HEALTH CARE COVERAGE: A Closer Look At California
Census Bureau figures released yesterday show that 21.5% of Californians lacked health insurance last year -- seven million people total. That percentage places the state above the national average of 16.1% but below Texas' uninsured rate of 24.4%, the highest in the nation. The Census Bureau also found that "the percentage of Latino children without health insurance remained disproportionately high," with almost 29% lacking coverage in 1997, compared to "19% of African- American children and 11% of non-Hispanic white children." Luis Arteaga, interim executive director of the San Francisco-based Latino Issues Forum, cited several factors behind the high rate.

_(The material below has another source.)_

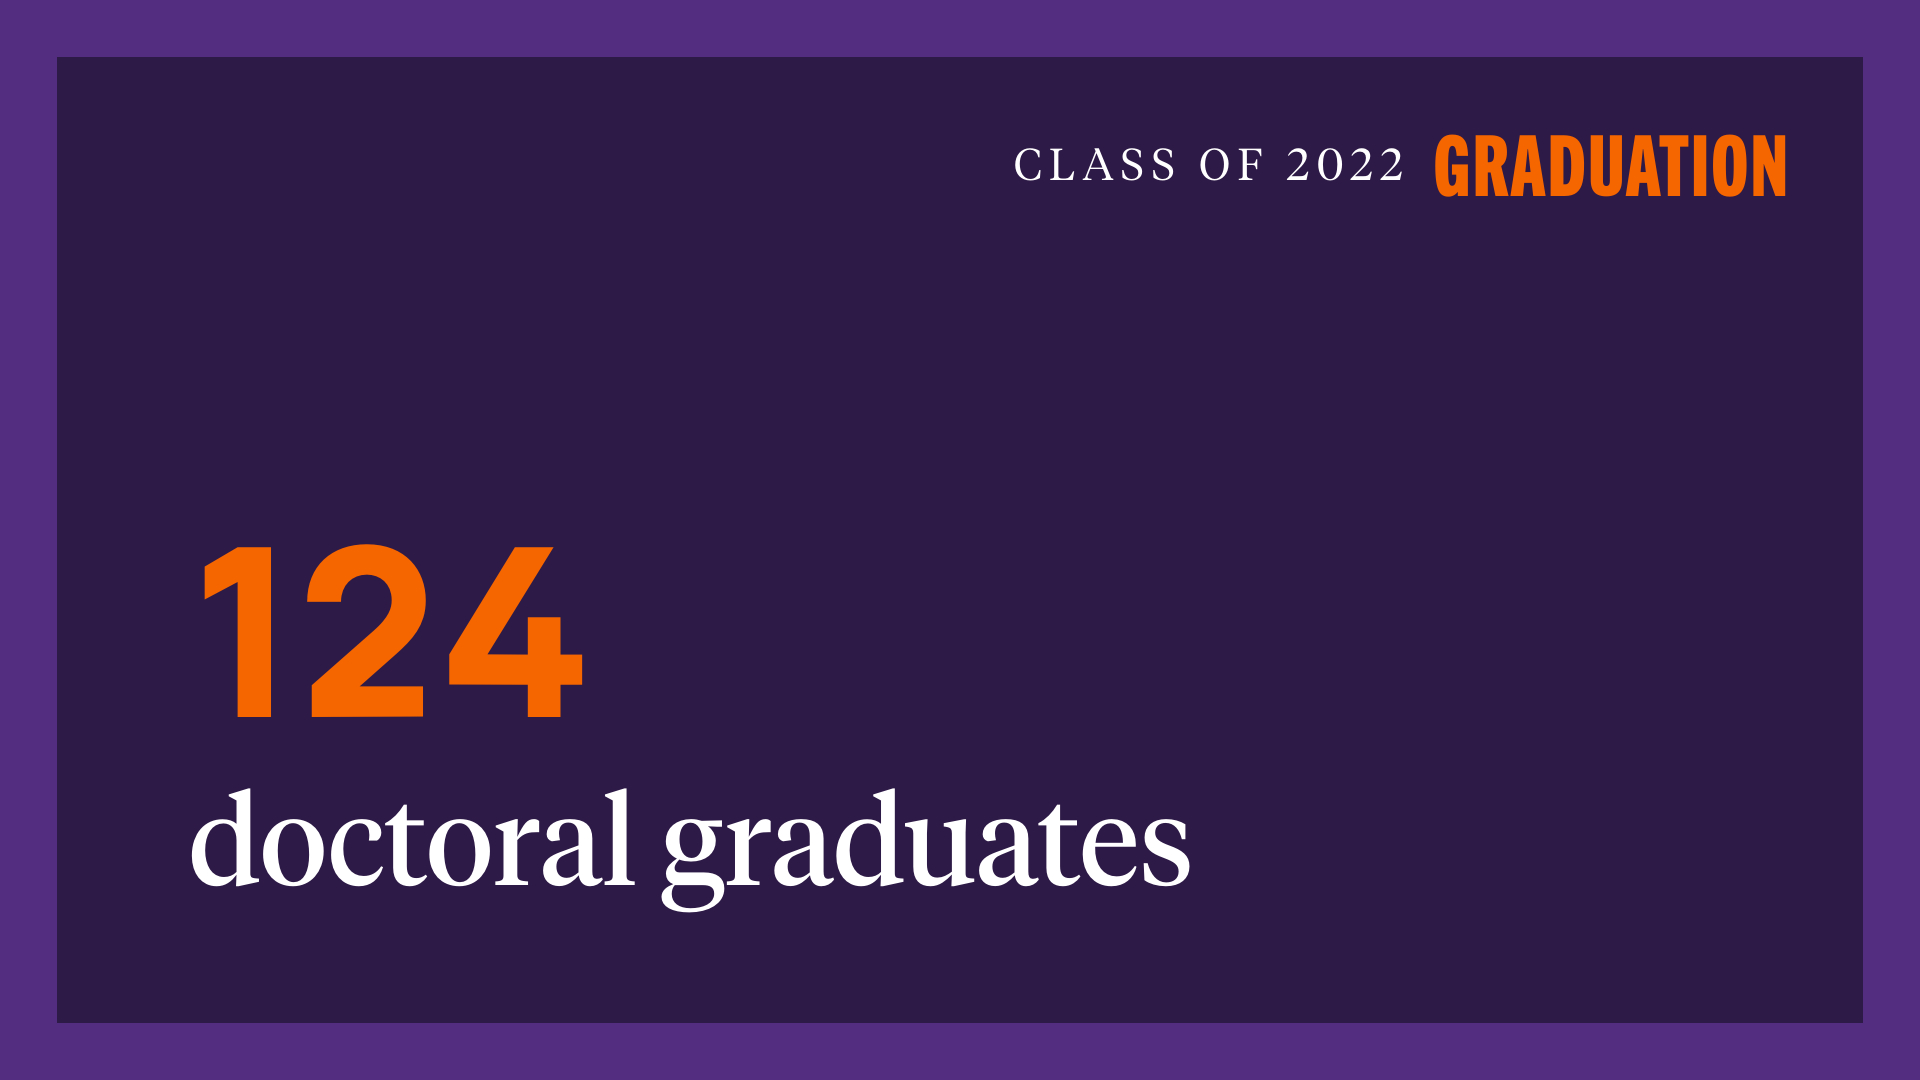 Class of 2022 Graduation: 124 doctoral graduates

First, he noted that a "lot of the Hispanic community is concentrated in sectors and industries that do not provide health insurance -- the blue-collar jobs and the service-sector jobs." Second, he said the Hispanic community has had a traditional distrust of government-sponsored programs, and many fear "anti-immigrant feeling." Jane Delgado, president of the National Coalition of Hispanic Health and Human Services Organizations, pointed out that even in cases where parents have employer-provided coverage, those plans "often ... don't cover the families."
Medi-Cal Trend
The Census Bureau found that Medicaid rolls fell approximately 8% last year, a decline attributed to the fact that "many women forced off the welfare rolls -- who previously were eligible for Medicaid -- have taken jobs that do not offer insurance or that offer coverage that they cannot afford." Sylvia Drew Ivie, executive director of T.H.E. Clinic for Women in Los Angeles, said, "Our numbers of uninsured patients are going up and our numbers of Medi-Cal insured patients are going down." She noted that a year ago, "about 60% of the clinic's patients were uninsured and 40% had Medi-Cal," compared to 25% of current patients who have Medi-Cal and 75% who are uninsured (Rubin, Los Angeles Times, 9/29). See yesterday's California Healthline to read more coverage of the Census Bureau findings.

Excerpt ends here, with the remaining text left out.